In addition to the Perugian clubs, Nestor Marsciano (1904), SPES Gubbio (1908) and Unione Sportiva Orvietana (1913) are also worth mentioning. While there is little information available on the first club, it is known that the other two were founded in 1913: however, both Gubbio and Orvietana have been unofficially active in football since 1910 (in the case of Orvietana, even before its actual foundation).[citation needed]

Teams from Marche

Colonel Candido Augusto Vecchi (1814-1869), after whom Ascoli Calcio was originally named.

The oldest football club in Ancona was AC Ancona, founded in 1905. Before that, British sailors had brought football to the capital of the Marche region, but the sport was only played sporadically.[citation needed]

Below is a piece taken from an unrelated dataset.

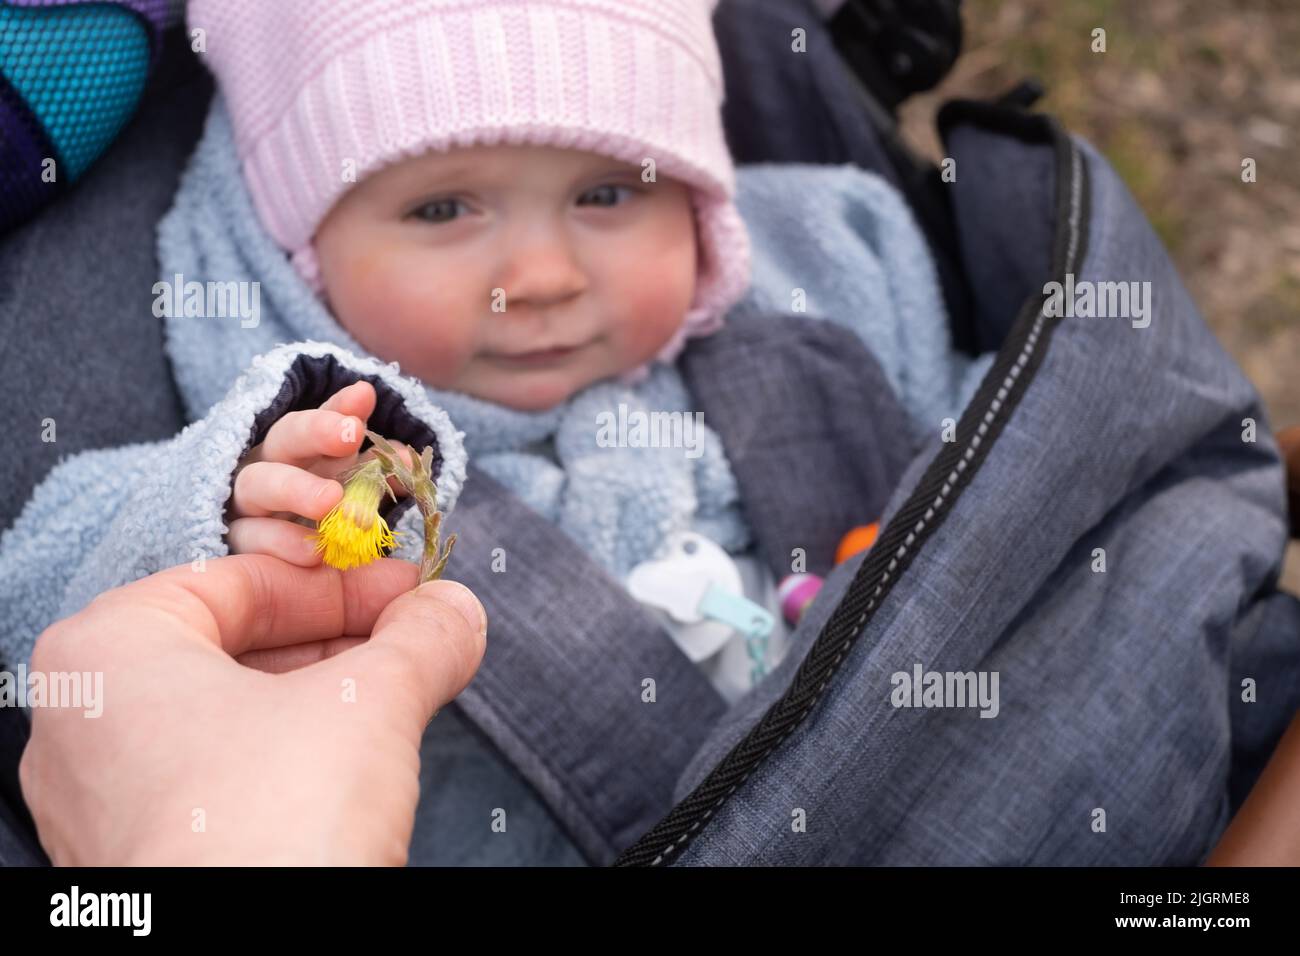 Mother giving a yellow flower to her child. Baby touching a flower for first time in life Stock Photo

However, the first team in the region was Candido Augusto Vecchi (later Ascoli Calcio), founded in Ascoli Piceno in 1898.[84][85] In the same year, the multisport club Vis Sauro Pesaro was founded, but did not start playing football until 1906. Also in 1899, the Società Polisportiva Grottammare was founded, whose football section was created in an unspecified year.[citation needed]

Teams from Lazio

As in Genoa, football was brought to Rome by foreigners from across the Channel. More precisely, it was the seminarians of the Catholic colleges reserved for British students who imported the new sport. In particular, the English and Welsh boys of the Venerable English College were responsible for the debut of football in the city, which dates back to 1892.[86][87] Within a few years, several sports clubs in the capital of Italy, all coming from the gymnastics sphere, began playing football: Società Ginnastica Roma, founded in 1890 and active since 1895;[88][89][90] the Football Club Roma, founded in 1896;[88][89][90] the Sporting Club Roma, founded in 1897;[88][89][90] the Associazione Gioventù Cristiana (a political organization founded in the second half of the 19th century and involved in sports since at least 1898);[88] the Società Podistica Lazio, the Veloce Club Podistico, and the Audace Club Podistico, founded in 1900.[86][88] Notably, Lazio, dedicated to the game since 1901, was the only club among the aforementioned, along with Ginnastica Roma,[91][92] to abandon the gymnastic variant of football in favor of the IFAB variant, joining FIF at least since 1908[93] and opening a section dedicated to football on October 3, 1910.[88][94][95][96][97] These teams were joined by the Società Ginnastica Forza e Coraggio, whose year of foundation is doubtful.[88]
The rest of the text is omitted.